Cannot define table: Cannot allocate memory


  • Banned

    
    New alert found: There were error(s) loading the rules: /tmp/rules.debug:45: cannot define table pfB_P2P: Cannot allocate memory - The line in question reads [45]: table <pfb_p2p>persist file "/var/db/aliastables/pfB_P2P.txt"</pfb_p2p> 
    
    
    $ wc -l /var/db/aliastables/pfB_P2P.txt
      443566 /var/db/aliastables/pfB_P2P.txt
    
    
    
    $ pfctl -sa | grep -C4 LIMITS | tail -n 5
    LIMITS:
    states        hard limit   197000
    src-nodes     hard limit   197000
    frags         hard limit     5000
    table-entries hard limit 10000000
    
    

    Hmmm?  ???



  • That 32 or 64 bit? There was some other limit beyond what's defined, which could be lower on 32 than 64 bit. Only thing that comes to mind offhand. Unless you have a whole ton of other really big aliases I don't see you actually hitting that limit.


  • Banned

    64bit full install. It's intermitent, but frequent enough to become a PITA. The rest of aliases are rather small. Altogether, definitely not getting over 600K.



  • Intermittent while the system is running, or only during boot? Any means of replicating?


  • Banned

    Hmmmm… Install pfBNG, use some big lists, see it happen on blocklist updates or some filter reload.

    These are what's in the pfB_P2P alias:

    EDIT: Running

    
    playback gitsync RELENG_2_2
    
    

    reproduced this on 3 out of 4 attempts:

    
    Jul 3 14:12:15	php: rc.filter_configure_sync: New alert found: There were error(s) loading the rules: /tmp/rules.debug:45: cannot define table pfB_P2P: Cannot allocate memory - The line in question reads [45]: table <pfb_p2p>persist file "/var/db/aliastables/pfB_P2P.txt"
    Jul 3 14:11:37	php: pfSsh.php: Start Configuration upgrade at 14:11:37, set execution timeout to 15 minutes
    
    Jul 2 09:16:40	php: rc.filter_configure_sync: New alert found: There were error(s) loading the rules: /tmp/rules.debug:45: cannot define table pfB_P2P: Cannot allocate memory - The line in question reads [45]: table <pfb_p2p>persist file "/var/db/aliastables/pfB_P2P.txt"
    Jul 2 09:16:04	php: pfSsh.php: Start Configuration upgrade at 09:16:04, set execution timeout to 15 minutes
    
    Jul 1 20:43:27	php: rc.filter_configure_sync: New alert found: There were error(s) loading the rules: /tmp/rules.debug:45: cannot define table pfB_P2P: Cannot allocate memory - The line in question reads [45]: table <pfb_p2p>persist file "/var/db/aliastables/pfB_P2P.txt"
    Jul 1 20:42:52	php: pfSsh.php: Start Configuration upgrade at 20:42:52, set execution timeout to 15 minutes</pfb_p2p></pfb_p2p></pfb_p2p> 
    

  • Banned

    Still pretty reliably reproducible on 2.2.4 snaps with gitsync (Configuring filter… => the above error.)
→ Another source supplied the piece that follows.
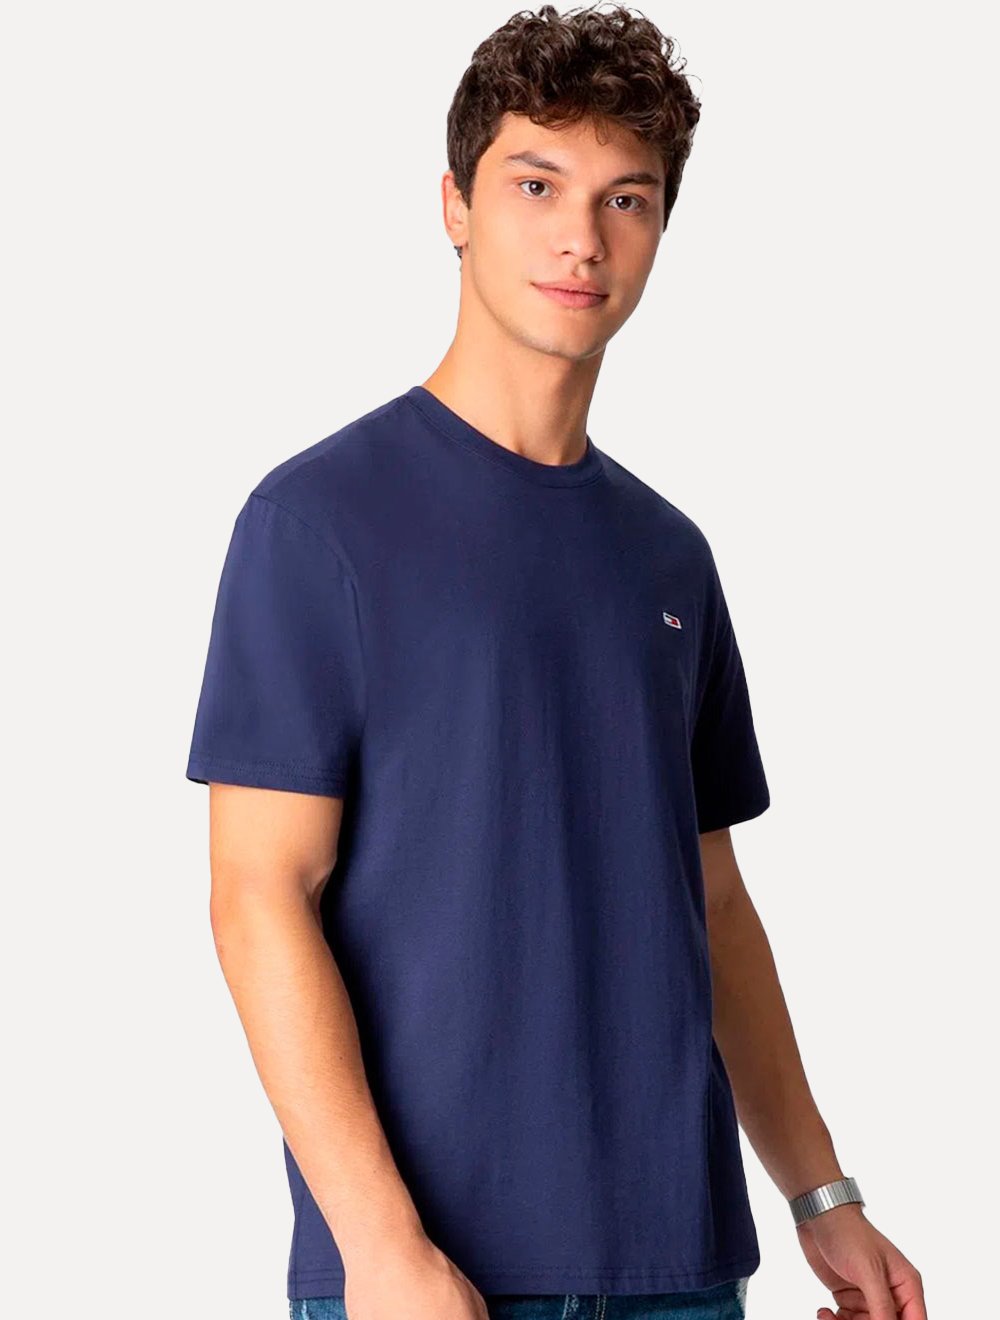 Camiseta Tommy Jeans Masculina Slim C-Neck Flag Azul Marinho
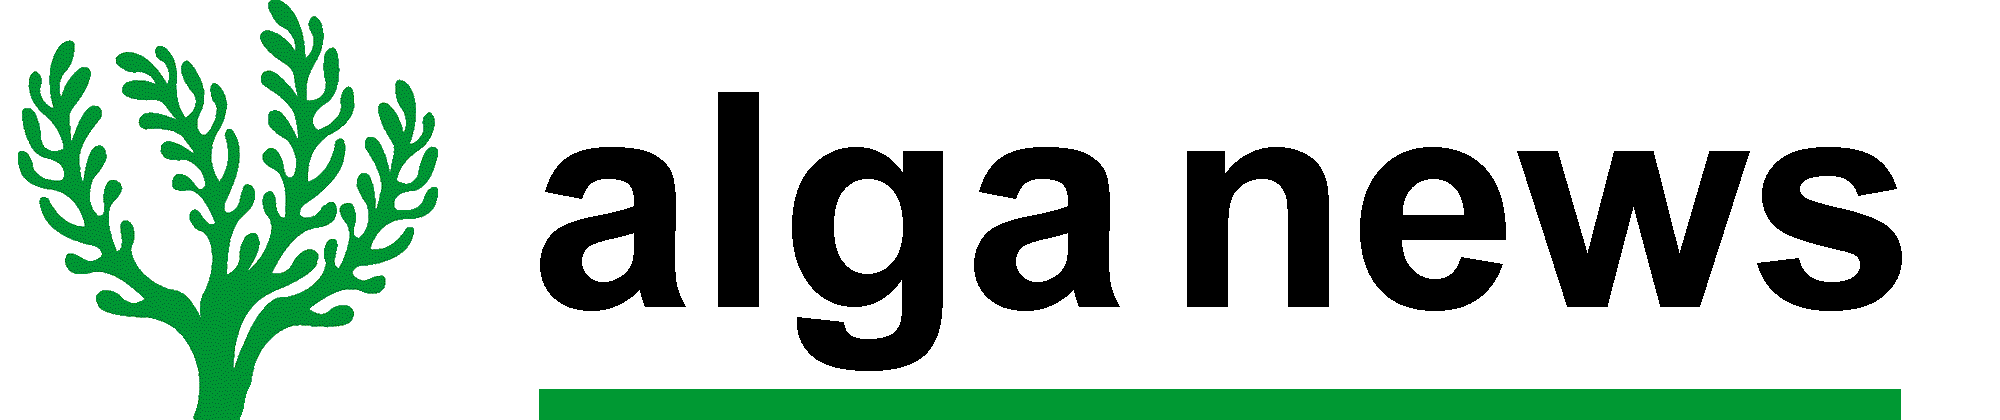 AlgaNews.com

  • Go ahead and open up a bug on this, even without knowing the root cause or exact replicable circumstance, I trust it's legit. I'll give replicating that a shot sometime in the next few days.


  • Banned

    @cmb:

    Go ahead and open up a bug on this, even without knowing the root cause or exact replicable circumstance, I trust it's legit. I'll give replicating that a shot sometime in the next few days.

    Thanks, done: https://redmine.pfsense.org/issues/4876

    Attached the relevant pfBNG config parts as well.


  • Banned

    Just an update here:

    Good news: definitely not hallucinating: https://lists.freebsd.org/pipermail/freebsd-pf/2011-May/006139.html
    Bad news: the hints on the ML thread are useless. kern.maxdsiz is set to ~34 GiB here, so that definitely is not the tunable to play with.